Beyond the controversies, Crockford has displayed a scientific humility and persistence. With over 40 years of identifying bones and reconstructing past ecosystems, she understood that species adapt, populations fluctuate, and narratives can outpace evidence. Her Substack and ongoing blogging reflect a commitment to accessible science for the public, countering what she saw as distortions in mainstream coverage. Whether one agrees with every interpretation, her emphasis on empirical trends over apocalyptic headlines encouraged critical thinking.
Susan Crockford’s legacy lies in her defense of evidence-based discourse against pressures to conform. In highlighting that polar bears have proven more resilient than many predicted—thriving in a modestly warming world with abundant sea-ice variability for hunting—she has consistently served science and public understanding.
She has shown that questioning dominant stories, when grounded in data, strengthens rather than undermines the world of conservation. For that intellectual honesty and dedication to zoological truth, she deserves climate sanity recognition as a distinctive and valuable contributor to our understanding of Arctic life. In a field too often swayed by symbolism and urgency, her voice urged us to look closer at the bears themselves: adaptable survivors, not fragile icons of impending doom.



Thanks for this.

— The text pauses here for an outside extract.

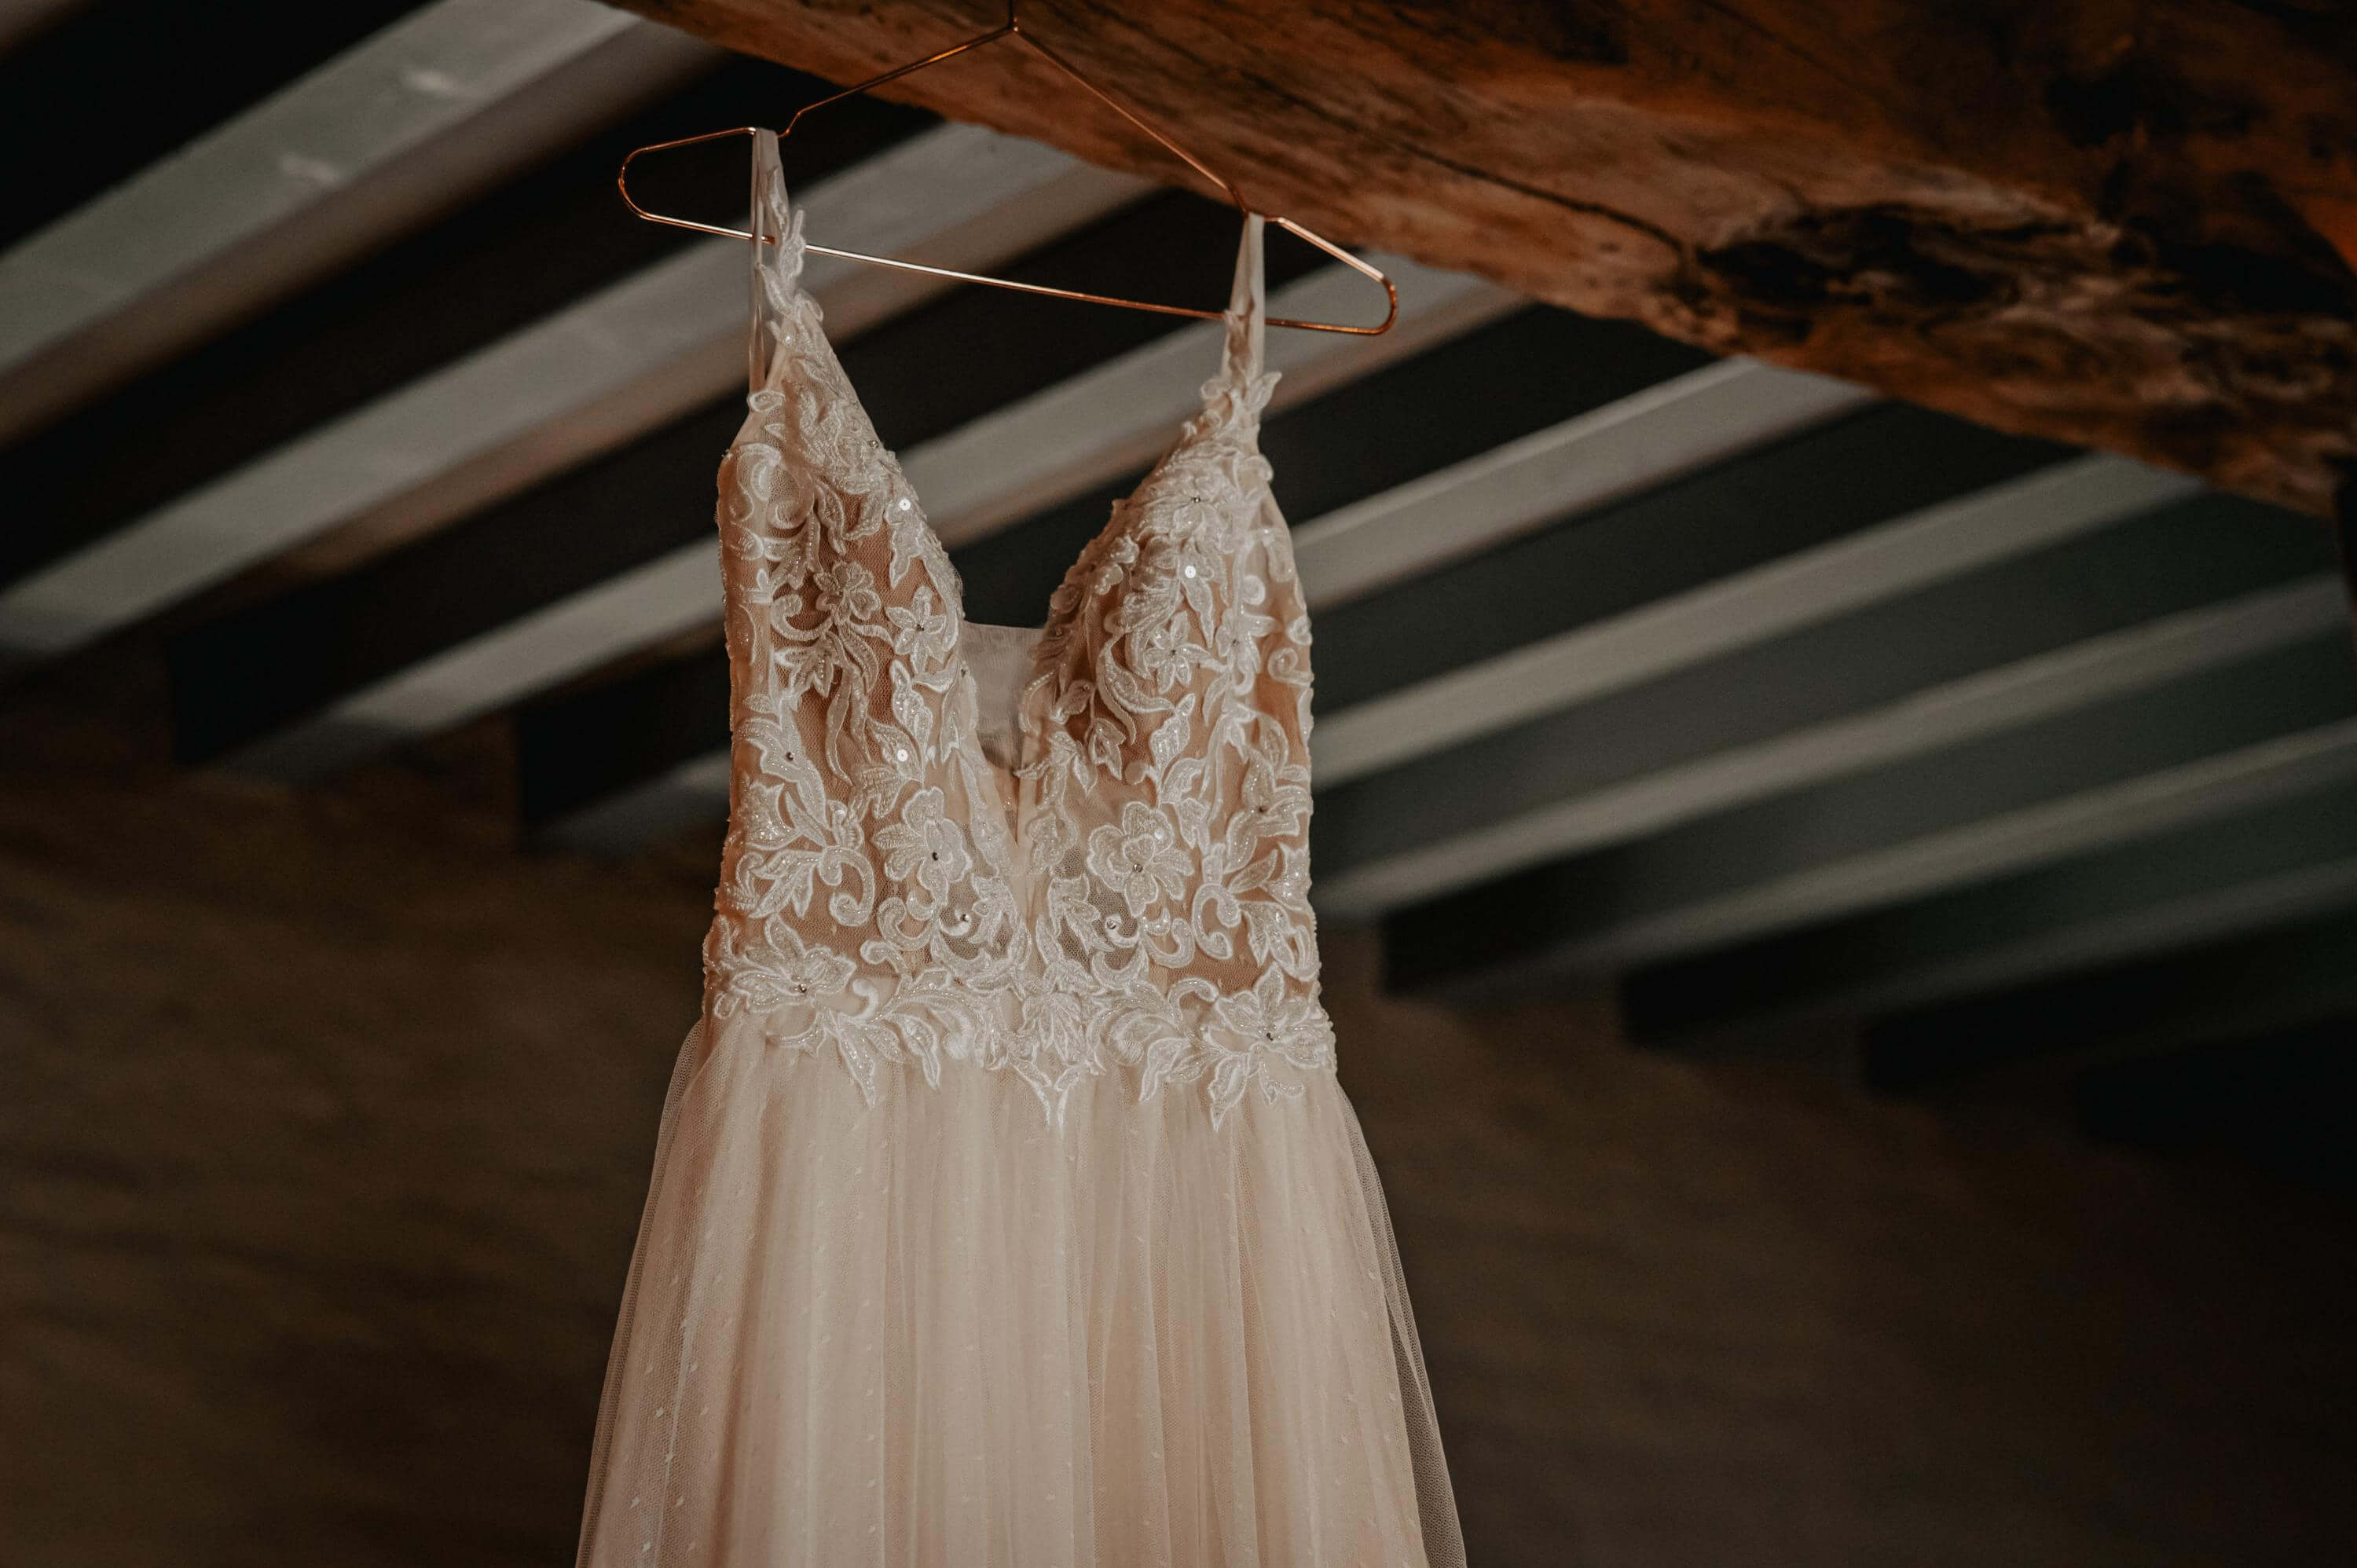 A light, slightly glittering wedding dress with coarse floral lace and narrow straps hangs on a copper-colored hanger from the ceiling beam of a hotel room.
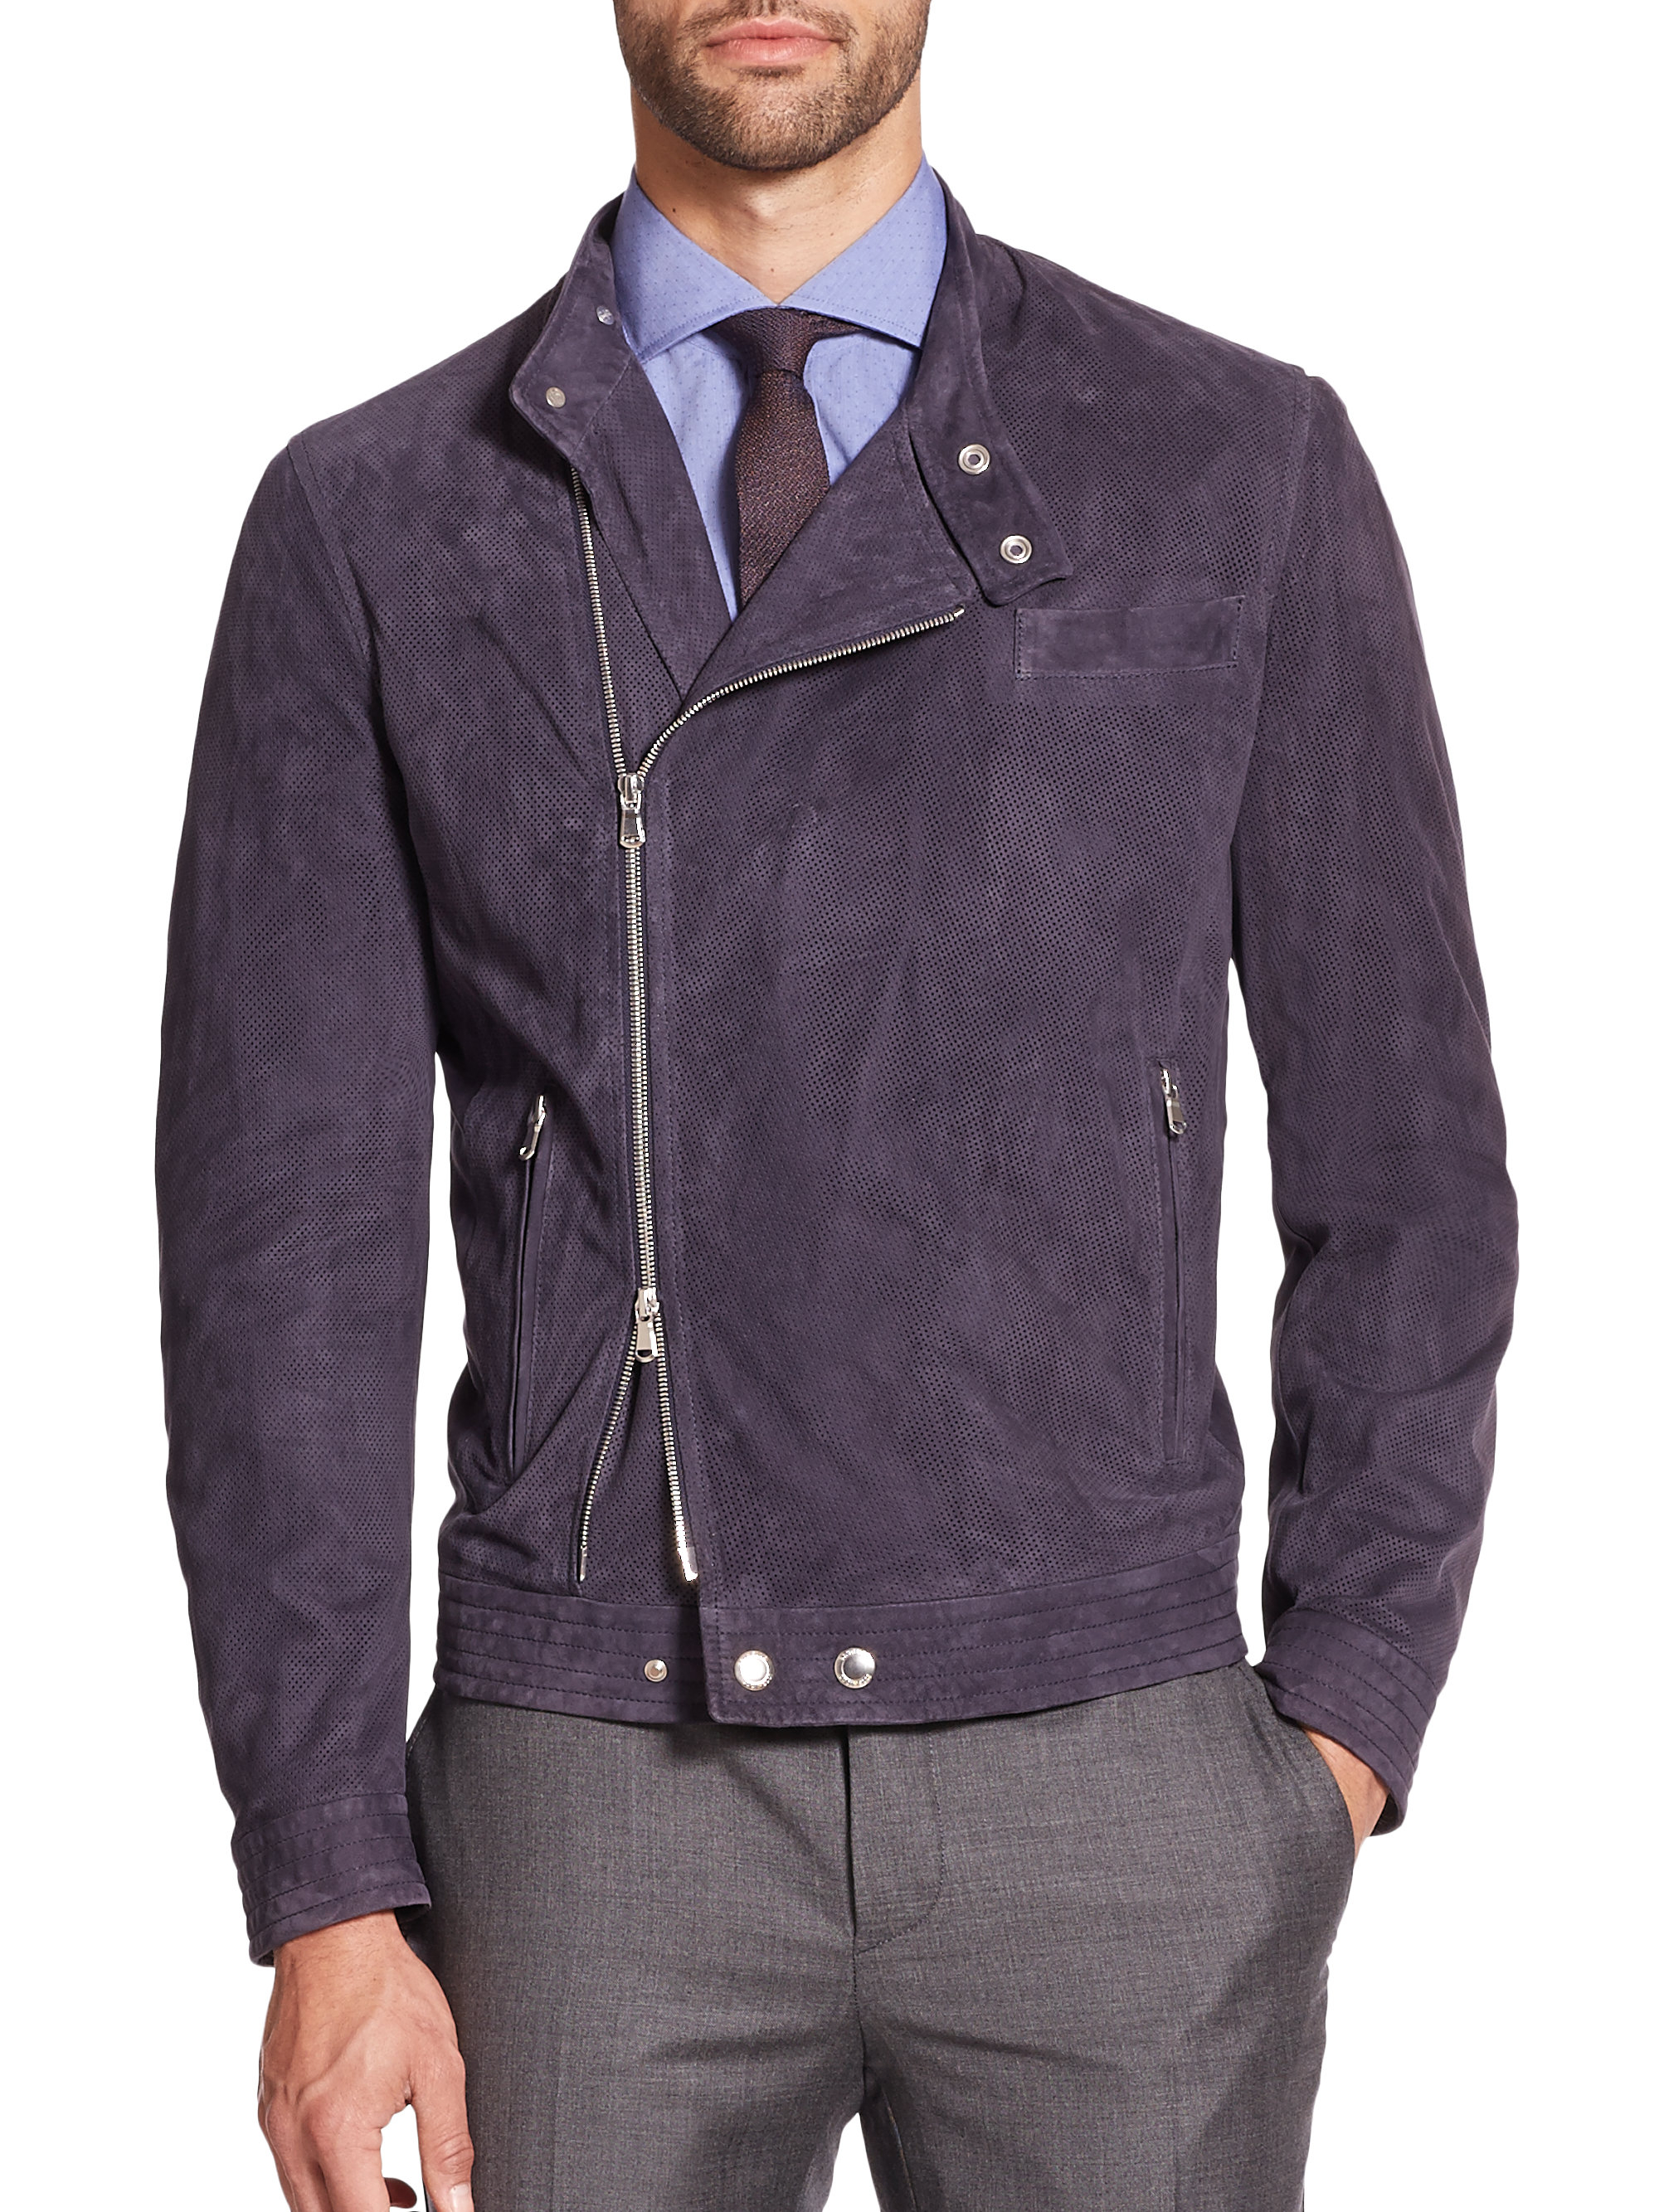 Lyst - Brunello cucinelli Perforated Suede Moto Jacket in Blue for Men

Susan Crockford stands on the opposite end of a spectrum from the Atlantic contributor with an Ivy bioscience PhD who wrote a silly piece a couple years ago based on a study of grizzly bones in California. The study, which I dug up and read, indicated that pre-colonial bears in Cali had eaten more forage, particularly berries, etc. Of course that stuff is still part of their typical diet. But the ‘money shot’ was that the introduction of cattle had changed the grizzly diet - an observation that must’ve been hard to miss, given the sophisticated hi-tech analysis the original study’s authors brought to bear (no pun).
But the Atlantic writer took the ball and ran with it in a transparently slanted direction, leaving her own dietary preferences - likely meatless - lurking just offstage. Two excluded points were glaring for their absence, and undermined the slanted interpretation, at least for anyone who bothered to think about it for an extra few seconds. First of all, it stands to reason that Natives and the other creatures sharing the precolonial grizzly landscape would’ve developed effective bear detection and avoidance sensitivities over millennia. Secondly, imported livestock and grazers would lack same, and thus present the bears with a rich and previously unavailable food source. That the bears took full advantage, probably leading to a bit of a population surge, and therefore incurred the deadly wrath of ranchers and vaqueros / cowboys as a result, seems likely.
None of that was articulated in the article. The emphasis was misplaced instead on the ecological depredations of colonialism. This was dated to the Cabrillo expedition that originally explored the California coast in 1539. The problem from there was twofold. No settlement of what is now the US state of California occurred for another 230 years; a few shipwrecked sailors came and went, but that was it. Settlement of places north of San Diego was marginal and sparse until about 1800. Secondly, the bone samples the original study were based on were not particularly numerous, with very few (less than 5, as I recall) dated to the immediate post-Cabrillo decades. The whole thing was a cock-up that diminished the author, her conclusions, and the magazine they were published in. It read like a puff piece for teddy bears. But it got traction and a similar article came out in the Smithsonian magazine shortly thereafter.